Introduction

Bipolar disorder (BD) is a disorder of recurrent episodes of hyperthymia and depression that negatively affects the lives of most patients despite its association with creativity1, and patients with BD have the highest suicide rate of all psychiatric disorders, about 20–30 times that of the general population2. However, correctly diagnosing BD is a very difficult task, and in related studies, it was observed that more than half of the doctors were unable to correctly diagnose BD3. These misdiagnoses may result in a cascade of negative outcomes, and patients may receive inadequate or inappropriate treatments, which fail to alleviate the symptoms or damage of the disease and may even cause further deterioration of their mood4.

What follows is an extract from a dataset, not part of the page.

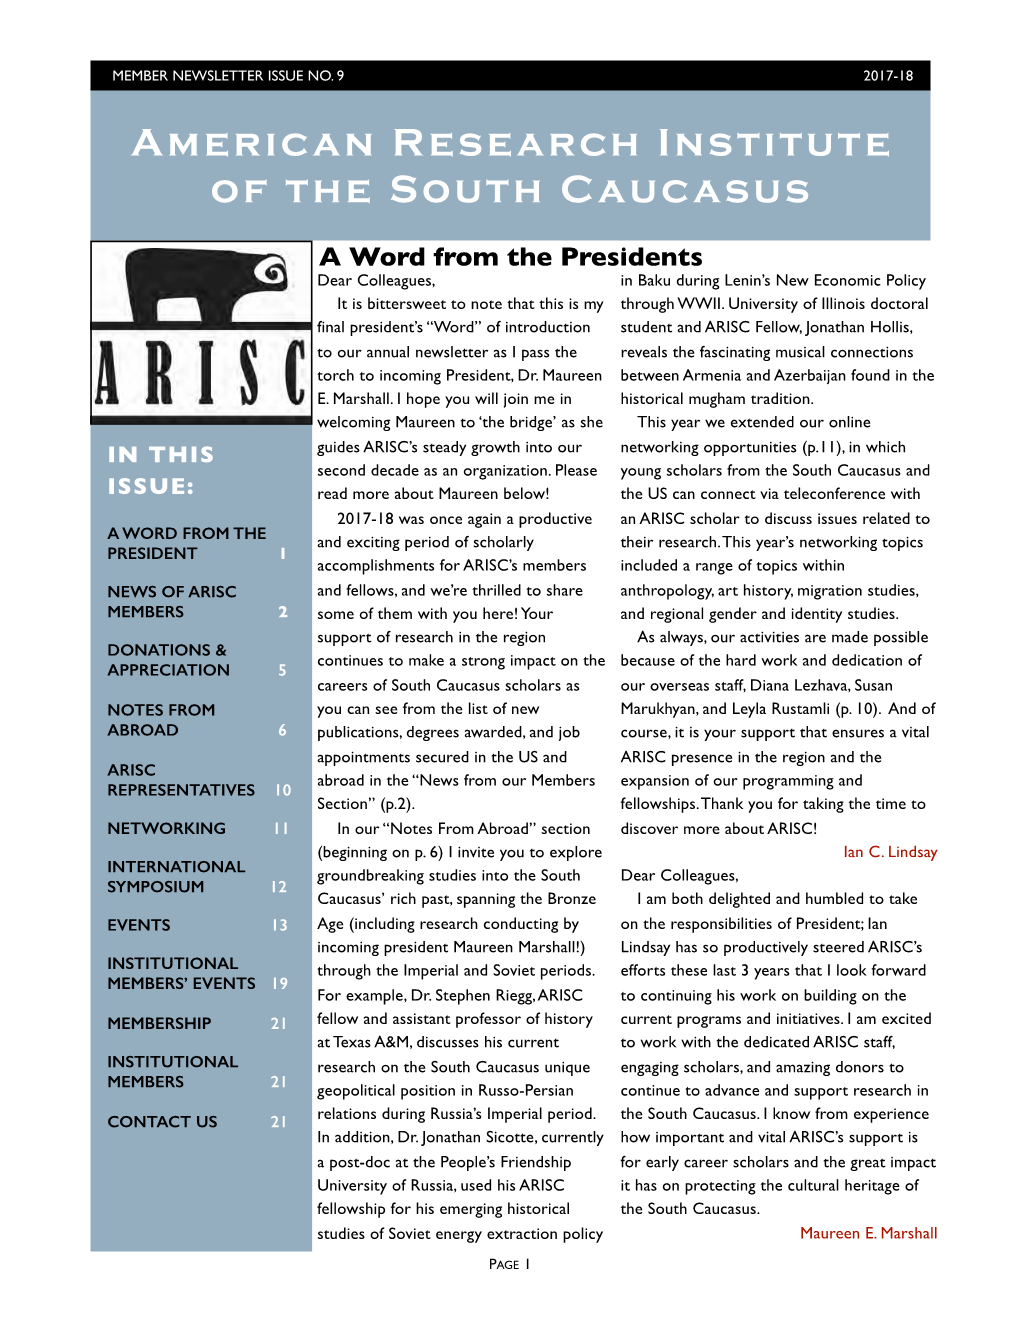 ARISC Newsletter No 9

In the diagnosis of BD, it is most easily confused with schizophrenia (SC) and major depressive disorder (MDD). SC is a neuropsychiatric disorder that usually occurs in adolescents or young adults and mostly lasts throughout one’s entire lifespan. It is typically characterized by hallucinations, delusions, apathy, and social withdrawal. However, patients with BD also present with symptoms similar to those of schizophrenics5, and genome-wide association studies have shown a substantial genetic overlap between SC and BD6, making it extraordinarily difficult to distinguish between the two disorders. When patients with BD have major depressive episodes, their clinical phenotype is not fundamentally different from those with MDD (monophasic depression). Therefore, many patients with BD are frequently misdiagnosed as having MDD (monophasic depression)7.

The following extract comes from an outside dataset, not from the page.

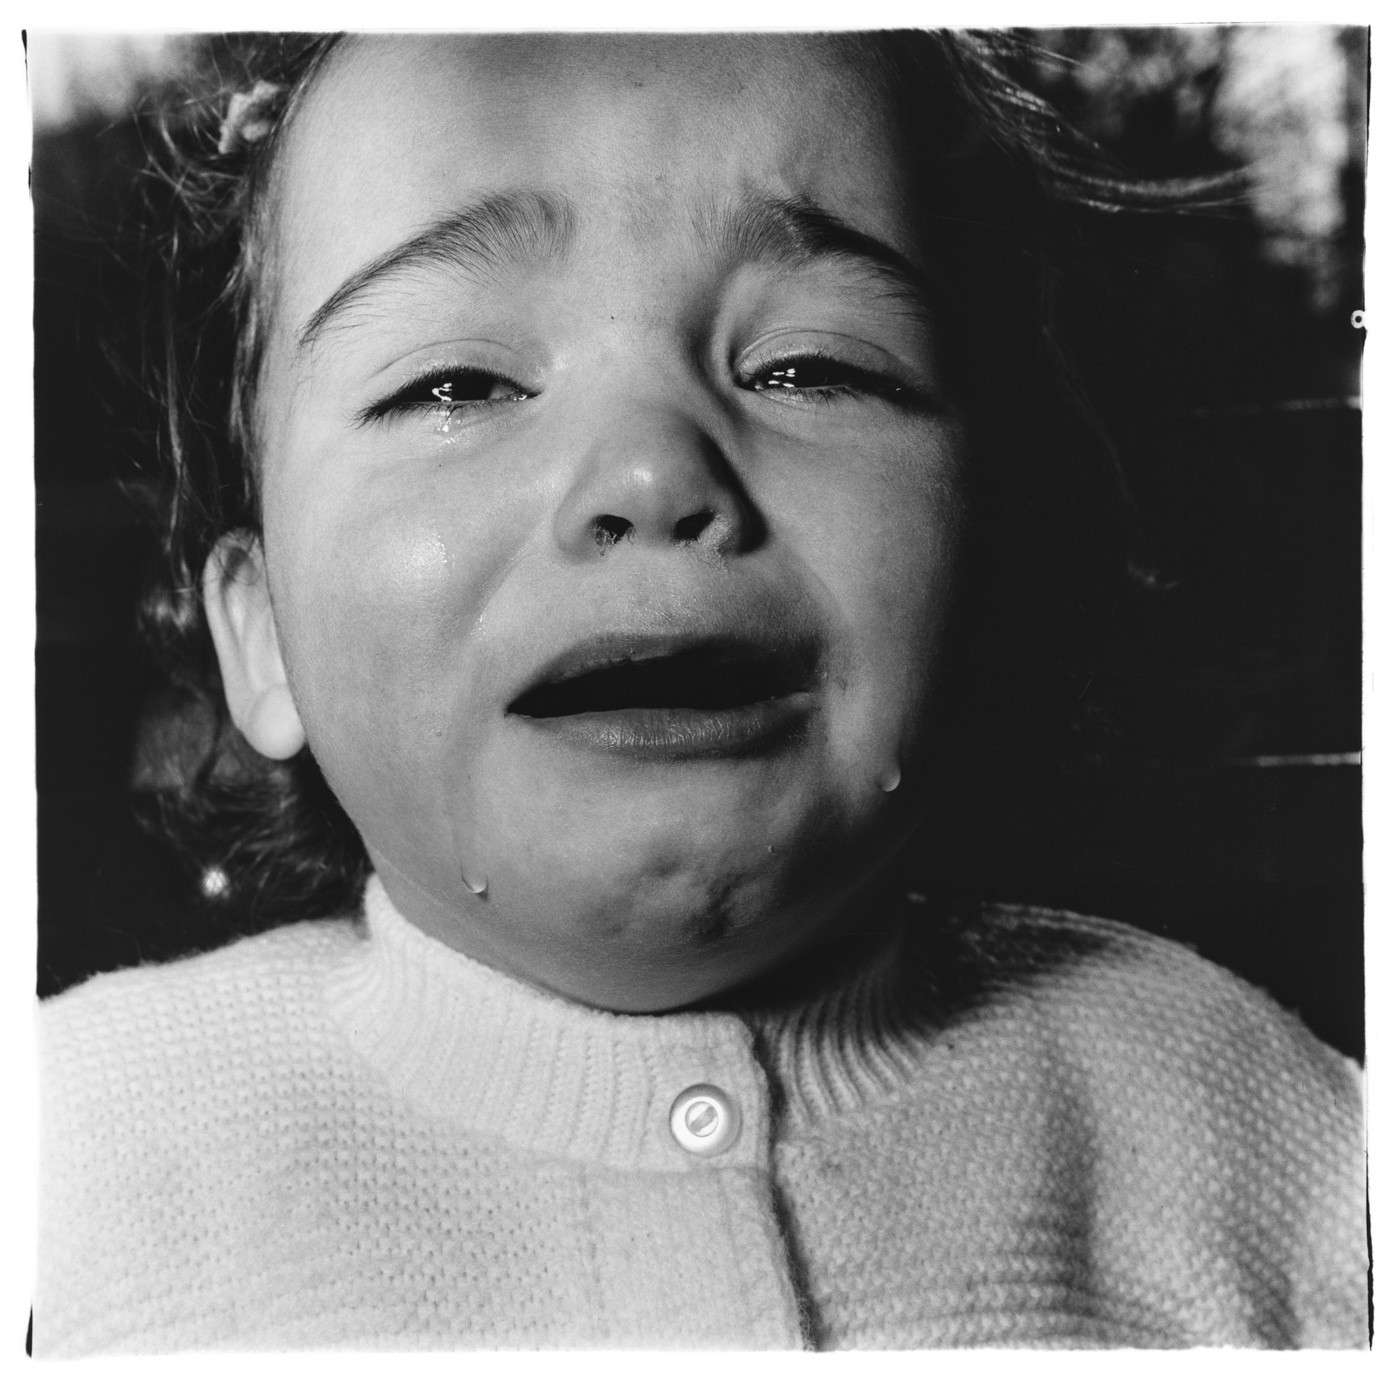 Плачущий ребенок, Нью-Джерси, 1967. Фотограф Диана Арбус

Thus, distinguishing BD from SC and MDD has become one of the main tasks in efficiently diagnosing the disorder. This study aims to establish a diagnostic model to distinguish BD from SC and MDD in multiple public datasets using bioinformatics and machine learning and to provide new ideas for diagnosing BD in the future.

This study used different datasets, including different sample sources, experimental conditions, and data from different time points. This diversity helps to increase the comprehensiveness and reliability of research. In addition, various types of datasets can help us verify the reliability of diagnostic models.

In addition, the bioinformatics and machine learning methods used in this study are capable of processing large-scale data, mining hidden patterns, identifying complex interactions, etc., which have implications for diagnosing and distinguishing diseases.

Methodology

Materials

The brain tissue datasets GSE92538-GPL10526, GSE92538-GPL17027, and GSE12654 were chosen using the GEO database (https://www.ncbi.nlm.nih.gov/geo/)8 as training groups, each containing patients with SC, BD, and MDD. The GSE18312 and GSE39653 datasets were chosen as the validation groups to distinguish BD from SC and MDD (both GSE18312 and GSE39653 were peripheral blood datasets), in order to increase the sample size for analysis and enhance the reliability of the study, we merged and removed batch effects from multiple datasets.

To merge multiple datasets, the datasets were initially merged by employing the R package. This was followed by the removal of the batch effect function of the R package limma (version 3.42.2) for the purpose of eliminating the batch effect, after which the matrix was attained. Figure 1 shows the detailed process. Supplementary table 1 shows the detailed datasets information.

Fig. 1
figure 1

Flow chart.

Identification of differentially expressed genes

Linear Models for Microarray Data (Limma) analysis9 is a generalized linear model-based differential expression analytical technique. In this study, the R package limma (version 3.40.6) was employed for differential analysis to attain differentially expressed genes (DEGs) among variant comparison groups and controls. During this research, |log2 fold change (FC)| > 1 and P value < 0.05 were chosen as the criteria for identifying DEGs using the Limma package, and heat map and volcano plots of DEGs in the individual and combined datasets were visualized by sangerBox, respectively10.

The criteria of |log2 fold change (FC)| > 1 and P value < 0.05 are essential to ensure that the selected differentially expressed genes are relatively reliable. This helps reduce false-positive results and enhances the credibility of the research findings. |log2 fold change (FC)| > 1 signifies that the differential expression genes have a fold change of at least 2, which is typically considered biologically significant in the field of biology. A P value < 0.05 indicates statistical significance, making it easier to determine which genes exhibit significance in differential expression between diseases.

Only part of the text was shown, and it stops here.